植物育种家希望培育出优于现有基因型的品种。这些品种的一些特征(这里的“主要性状”)是分类的，难以直接测量。准确预测新发育基因型的主要性状具有重要意义。除了标记数据外，育种计划通常还包含易于测量的次要性状(或“表型”)信息。我们的目标是通过使用变量选择技术将两种数据类型结合起来，提高对具有可解释关系的主要性状的预测。然而，基因组特征可能压倒次要特征，因此标准技术可能无法选择任何表型变量。我们开发了一种新的统计技术，以确保二级性状和基因型变量的适当表示，以实现最佳预测。当两种数据类型(标记和二级性状)可用时，我们通过两个步骤实现了对二元性状的改进预测，这两个步骤旨在确保在考虑基因型的额外影响之前，表型的显着内在影响被纳入关系中。首先，对标记上的次要性状进行稀疏回归，并用其残差代替次要性状，得到经基因型变量调整后的表型变量效应。然后，我们利用标记和残差开发了一个稀疏逻辑分类器，以便首先选择调整后的表型，以避免因其数量优势而被基因型变量淹没。该分类器使用前向选择，并辅以惩罚项，可以通过一种称为一遍方法的技术有效地计算。在模拟数据和真实数据上与其他分类器进行了比较。
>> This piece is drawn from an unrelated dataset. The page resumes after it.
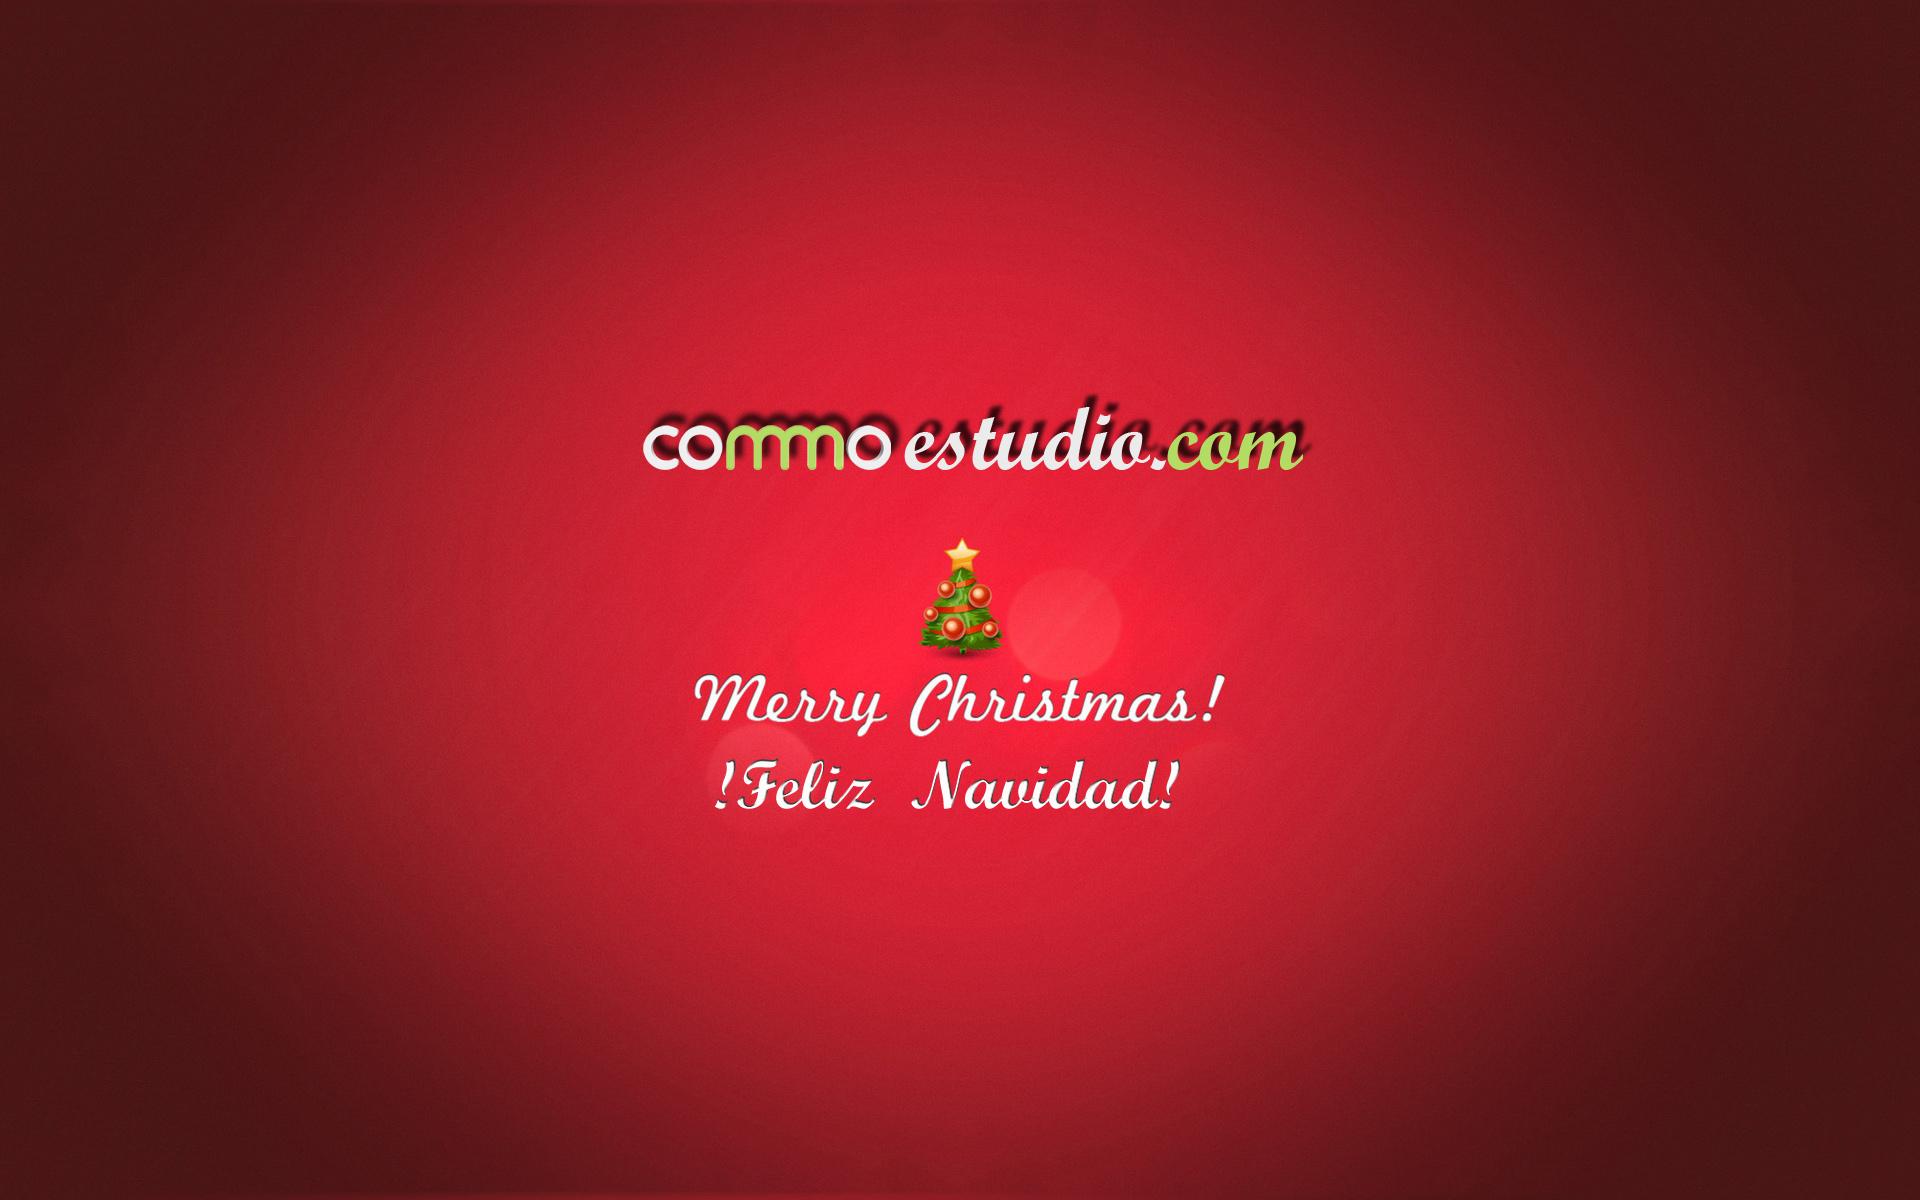 feliz navidad commo

本文章由计算机程序翻译，如有差异，请以英文原文为准。

求助全文

约1分钟内获得全文求助全文

来源期刊

Journal of Applied Statistics 数学-统计学与概率论

CiteScore

3.40

自引率

0.00%

发文量

126

审稿时长

6 months

期刊介绍： Journal of Applied Statistics provides a forum for communication between both applied statisticians and users of applied statistical techniques across a wide range of disciplines. These areas include business, computing, economics, ecology, education, management, medicine, operational research and sociology, but papers from other areas are also considered. The editorial policy is to publish rigorous but clear and accessible papers on applied techniques. Purely theoretical papers are avoided but those on theoretical developments which clearly demonstrate significant applied potential are welcomed. Each paper is submitted to at least two independent referees.